The authors are especially enabled and equipped to guide us in these matters: “We have spent nearly the entirety of our careers in the space of information technology and related policy.” They add, “Despite the thirty-four-year difference in our ages, we share a sense of wonder and excitement in what information technology has achieved and continues to achieve.”
Responsive to global challenges
I have deliberately refrained from naming them so far so that we are not diverted from the book’s contents. Because one of them, Nandan Nilekani, is an international legend and culture hero.
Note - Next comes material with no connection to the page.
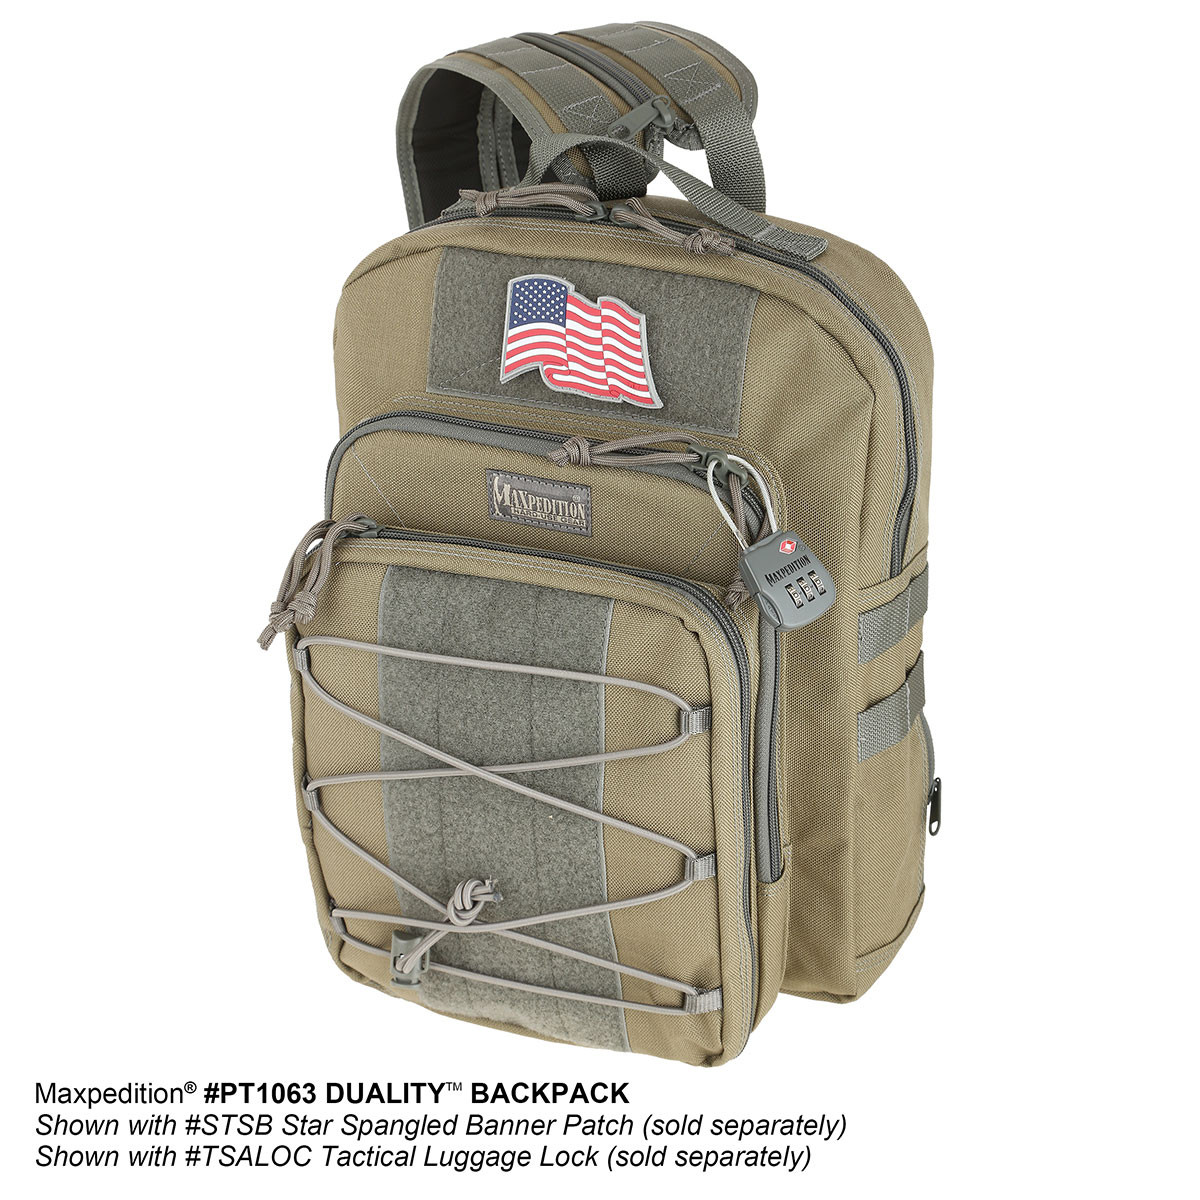 Maxpedition Duality Backpack Black - Tactical Asia - Philippines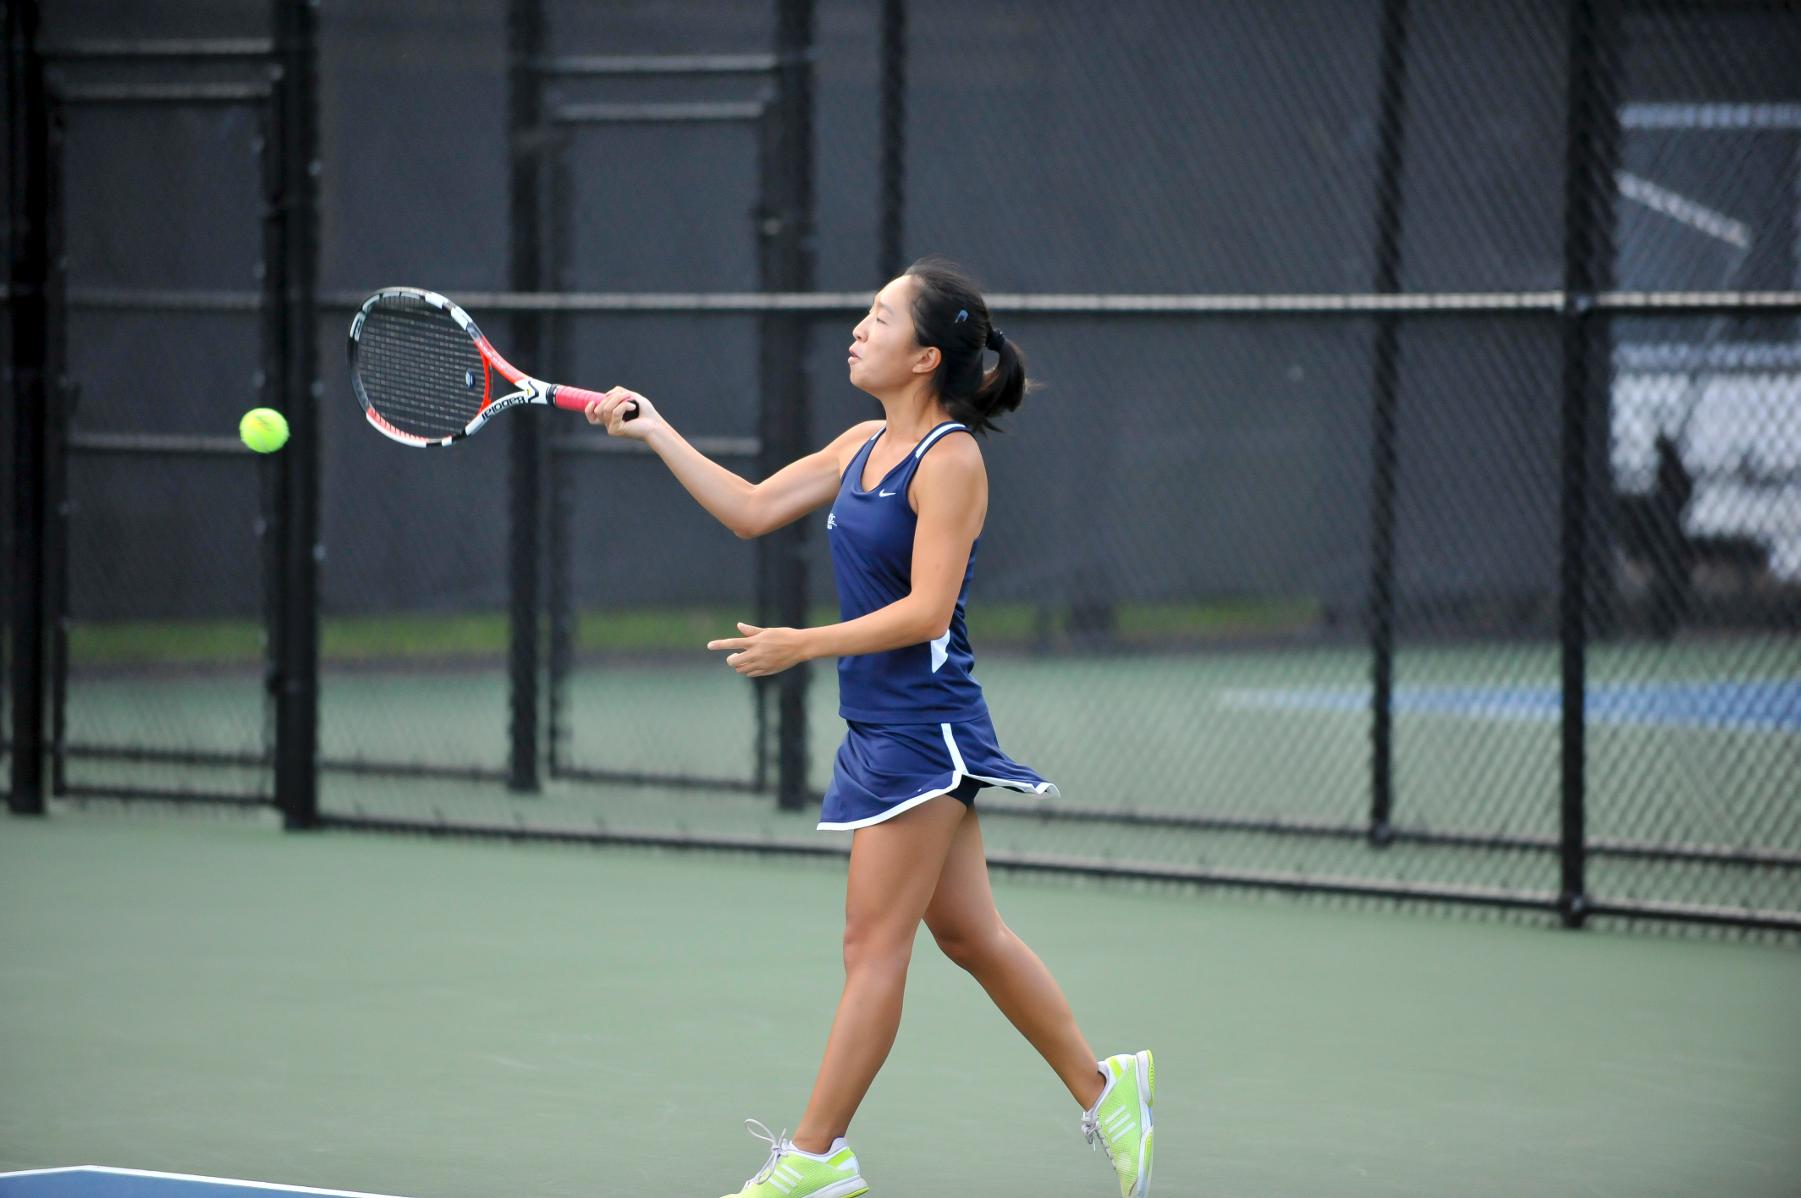 TENNIS POSTS 9-0 VICTORY OVER SIMMONS

The co-Founder and, currently, chairman of the board of Infosys, India’s greatest software company, he was also the moving spirit behind Unique Identification Authority of India (UIDAI).
Better known as Aadhaar, UIDAI accomplished the astonishing feat of providing something like a social security number to close to 1.4 billion Indians. Now it is the standard source of delivering benefits to the largest section of the Indian population.
Tanuj Bhojwani, Nilekani’s younger co-author, combines a flair for liberal arts and storytelling with his Chemical Engineering training from IIT-Bombay and his subsequent experience as a coder.
Together they have created a wonderfully informative, engaging, and corrective account of how survive, even thrive, in our digitally difficult environment.
To return to the title of this extraordinary book, we might discover that bitfulness is more than the art of being aware of ourselves in spite of our entanglement with technology.
It is also being responsive to global challenges and responsible for the greater common good. But in addition, it is about trying to live beautifully and blissfully in our digitally complicated and technologically enhanced world in which the very meaning of what it means to be human is rapidly and fundamentally changing.